Vom Tief bei 3,24 Euro aus dem April bleibt dennoch ein deutliches Polster: Gemessen daran steht die Aktie noch fast 76 Prozent im Plus. Der RSI von 37,4 zeigt eine Aktie im Rückzug — überverkauft ist sie damit aber noch nicht. Zum 50-Tage-Durchschnitt von 7,28 Euro klafft eine Lücke von 21,7 Prozent.

Die annualisierte Volatilität der letzten 30 Handelstage liegt bei über 114 Prozent. Das unterstreicht den ausgeprägten Hochrisiko-Charakter des Papiers.

Die Finanzierung als Dreh- und Angelpunkt

Im Zentrum der Debatte steht die Frage, wie T1 Energy den Ausbau seiner Solarzellen-Fabrik G2_Austin stemmt. Laut Needham arbeitet das Unternehmen an einer überwiegend schuldenfinanzierten Lösung für den ersten Bauabschnitt.
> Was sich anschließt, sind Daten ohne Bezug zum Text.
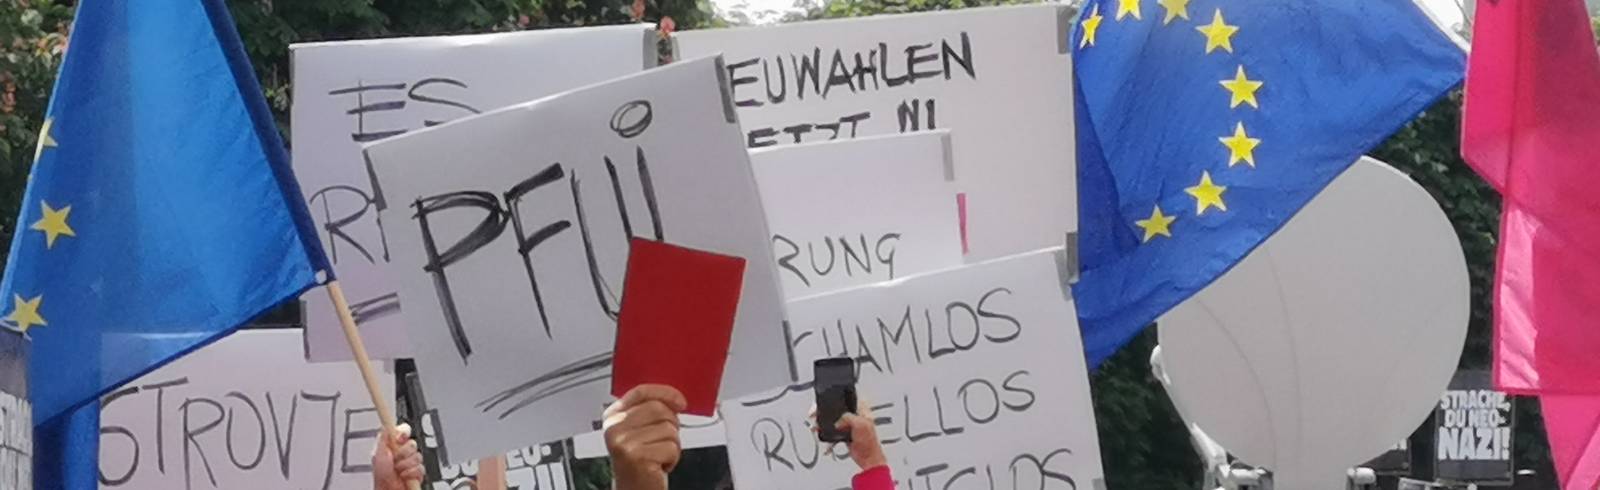 FPÖ: Aufgebrachte Demo vor dem Bundeskanzleramt

Gelingt diese Struktur wie beschrieben, bliebe eine weitere Verwässerung der Aktionäre in dieser Projektphase aus.

Auch andere Analysten stufen genau diese Finanzierungsfrage als den entscheidenden Faktor für den Aktienkurs ein. Ungelöst bleiben dabei mehrere Risiken: die offene Finanzierungslücke von rund 225 Millionen Dollar, die Abhängigkeit vom Timing der Section-232-Regelung und der Steuergutschriften, Unsicherheit bei den Marktpreisen sowie eine gewisse Absatzschwäche, weil Kunden ihre Lagerbestände abbauen.

Hohe Verschuldung bleibt Risikofaktor

Neben dem Finanzierungsfortschritt behalten Analysten die Bilanz im Blick. Die Verschuldung ist deutlich gestiegen, das Verhältnis von Schulden zu Eigenkapital liegt bei etwa 2,0. Das erhöht die Anfälligkeit für Refinanzierungs- und Zinsrisiken und schränkt den strategischen Spielraum ein.
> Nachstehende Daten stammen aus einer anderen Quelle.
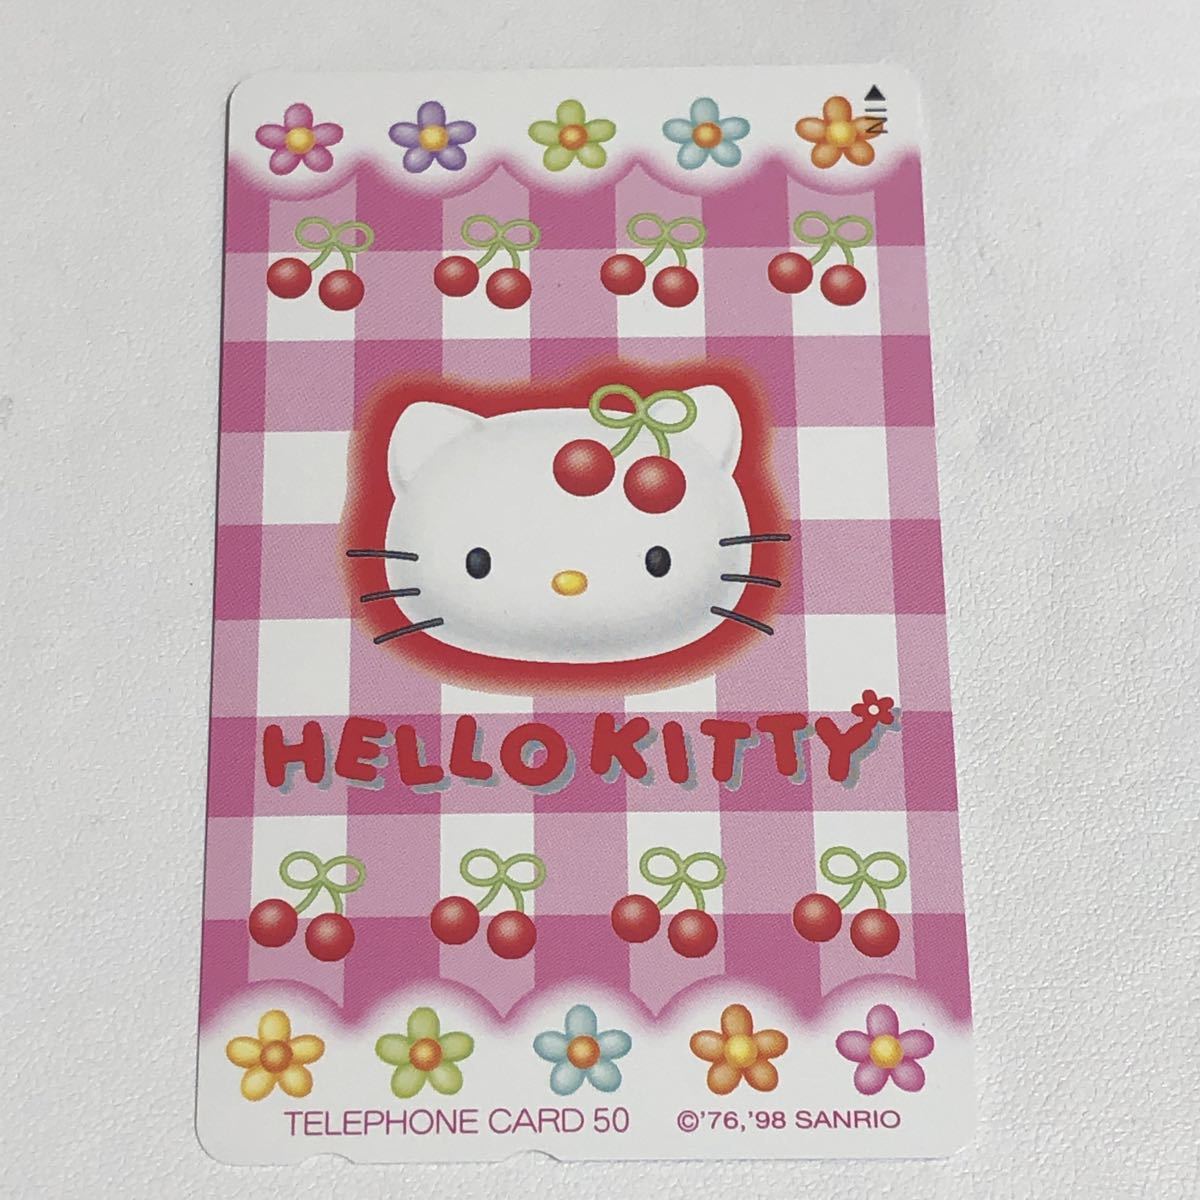  телефонная карточка Sanrio Hello Kitty телефон карта

Für den kapitalintensiven G2-Ausbau steigt damit auch das Ausführungsrisiko. Analysten rechnen in den kommenden zwei bis sechs Monaten mit einer wachsenden Wahrscheinlichkeit weiterer externer Finanzierungsrunden.

Ausblick

Die G2_Austin-Anlage soll noch in diesem Jahr die Produktion aufnehmen. Anleger wägen derzeit die kurzfristige Kursschwäche gegen die Fortschritte bei der nicht verwässernden Finanzierung ab.

Die Lücke zwischen Needhams unverändertem Kursziel und dem aktuellen Kurs zeigt: Der Analyst hält den jüngsten Rückgang für losgelöst von der eigentlichen Finanzierungs- und Baustellen-Story. Die anhaltend hohe Schwankungsbreite der Aktie deutet allerdings darauf hin, dass der Markt diese Sichtweise noch nicht teilt.